"Весна" гр. Лорис-Меликова заволоклась непроглядными тучами и мелькнувший призрак спасительной "конституции" укрылся за мрачными стенами Гатчинского Дворца.

ГЛАВА ОДИННАДЦАТАЯ.

Тотчас после убийства Царя-Освободителя, некоторое время длилось напряженное состояние общества в ожидании широких свобод и, как панацеи от всех зол, - конституции. Сентиментальные интеллигенты, с мистиком-философом Владимиром Соловьевым во главе (он был подлинным христианином и, говорят, реально верил в наличность дьявола) пропагандировала идею всепрощения и находила, что убийцы Царя не должны быть казнены. Это было бы наглядным жестом выявления величия именно великой русской народной души.

Я лично был всегда горячим противником смертной казни, находя, что государство, власть, как нечто сильное и мощное, не вправе отвечать на безумие отдельных лиц, таким же безумием. Государство вправе лишь изолировать преступника, чтобы обезвредить его, и наглядно доказать силу беспримерного своего великодушия.

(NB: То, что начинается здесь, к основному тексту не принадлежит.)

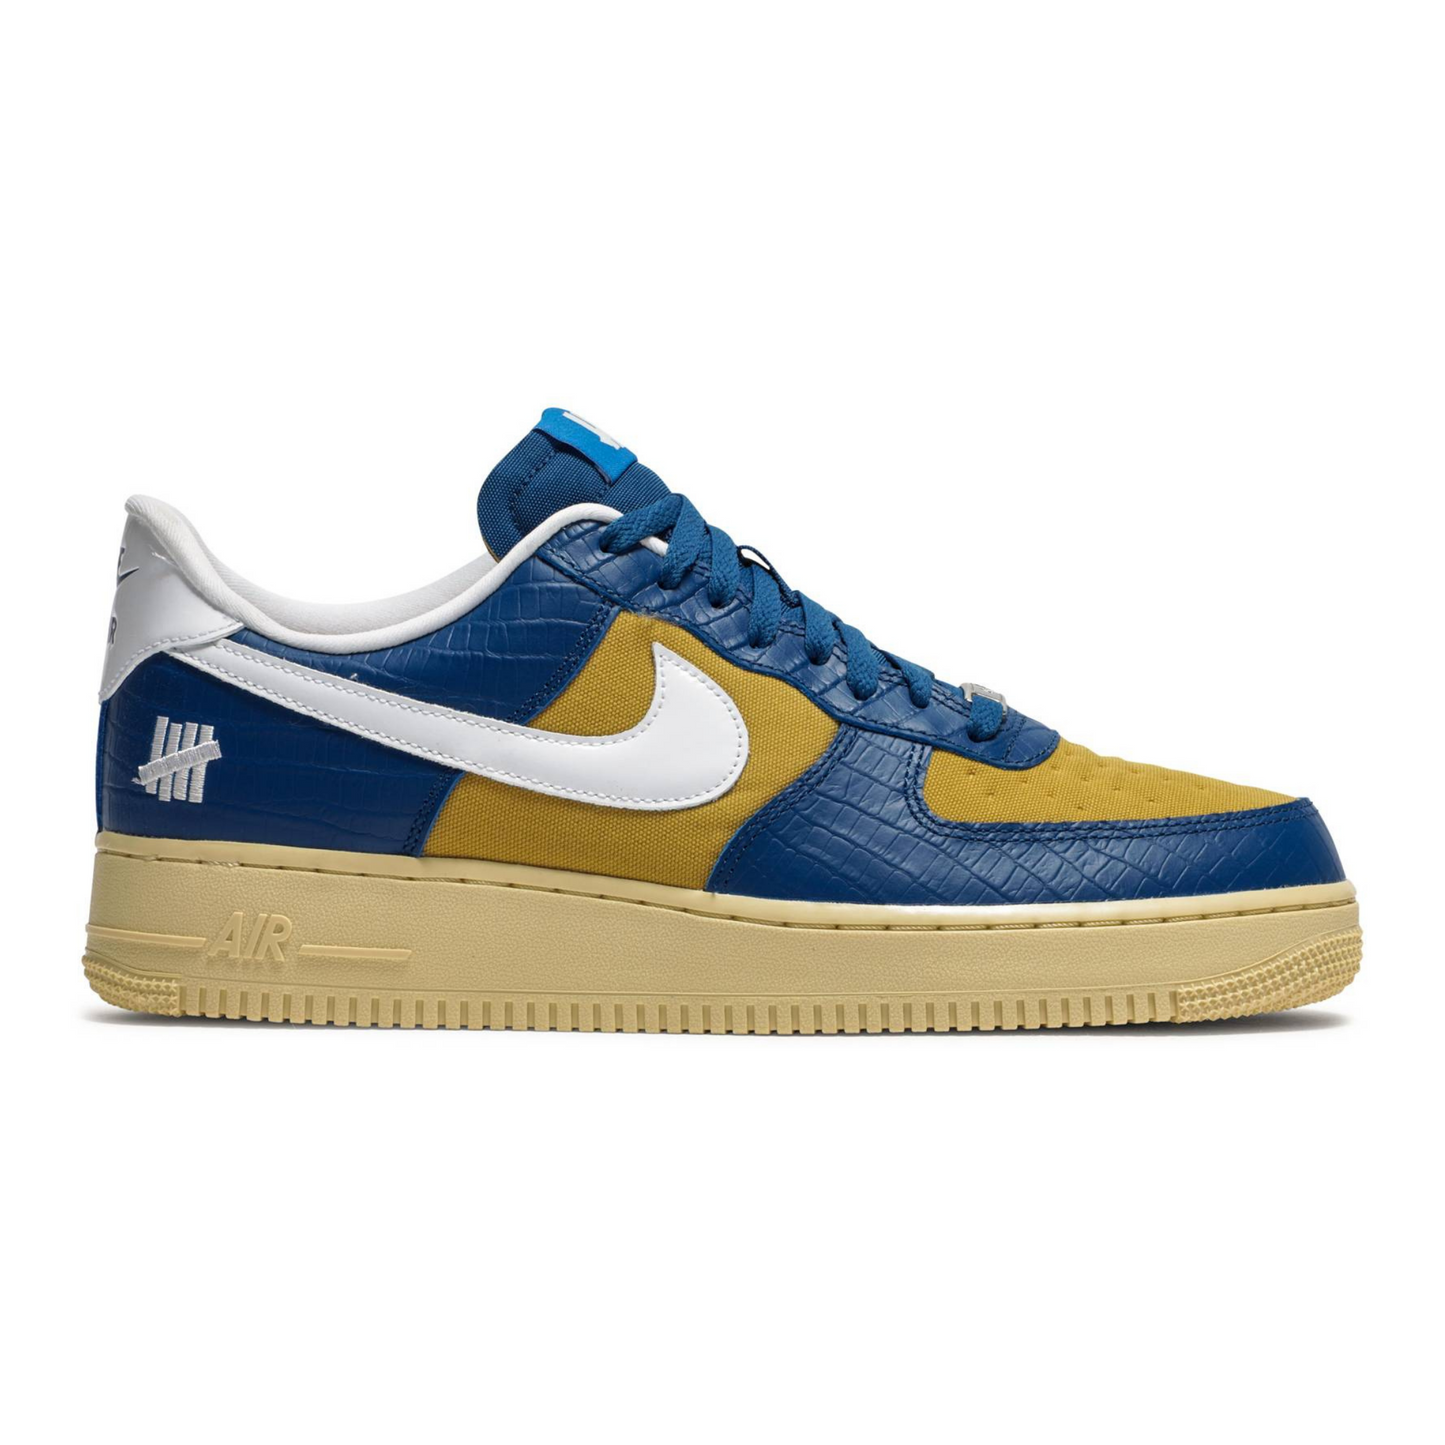 Undefeated x Nike Air Force 1 Low SP '5 On It Yellow Croc’

Правительственный курс скоро обозначился: "сын не вправе миловать убийц своего отца"! Влияние Победоносцева и соответствующих мужей Царского Совета решило это безапелляционно.

Обвинителем цареубийц выступил тогдашний прокурор Петербургской Судебной Палаты Н. В. Муравьев. Он стяжал себе этим "благодарность" Царя, за что и был вскоре назначен Министром Юстиции.

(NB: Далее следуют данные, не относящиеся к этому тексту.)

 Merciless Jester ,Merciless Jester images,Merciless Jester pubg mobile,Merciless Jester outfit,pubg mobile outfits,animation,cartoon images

Всех пятерых убийц Александра II казнили. Казнили еще публично на Семеновском плацу, где был воздвигнут эшафот с пятью виселицами.

Знаменитая артистка М. Г. Савина, жившая в то время в конце Николаевской улицы, видела со своего балкона весь печальный кортеж. Она утверждала, что кроме одного, из приговоренных Рысакова, лица остальных, влекомых на казнь, были светлее и радостнее лиц их окружавших. Софья Перовская своим кругловатым, детским в веснушках лицом зарделась и просто сияла на темном фоне мрачной процессии.

Покатилось грузно-однотонное царствование Александра III-го Миротворца, укрывшегося в своем Гатчинском Дворце, как в неприступной крепости.

Союз с республиканской Францией, как-то дико уживался с российским абсолютизмом, остановившимся на мертвой точке.

В подходящих случаях звуки Марсельезы стали раздаваться публично и, невольно, комментировались текстом революционного гимна. Говорят, на это обращали внимание Александра III-го, на что он будто бы философски отвечал: "Не могу же я им сочинить новый национальный гимн"! Про себя он, вероятно, думал: хоть с чертом в союзе, а должен же я обороняться от Германии!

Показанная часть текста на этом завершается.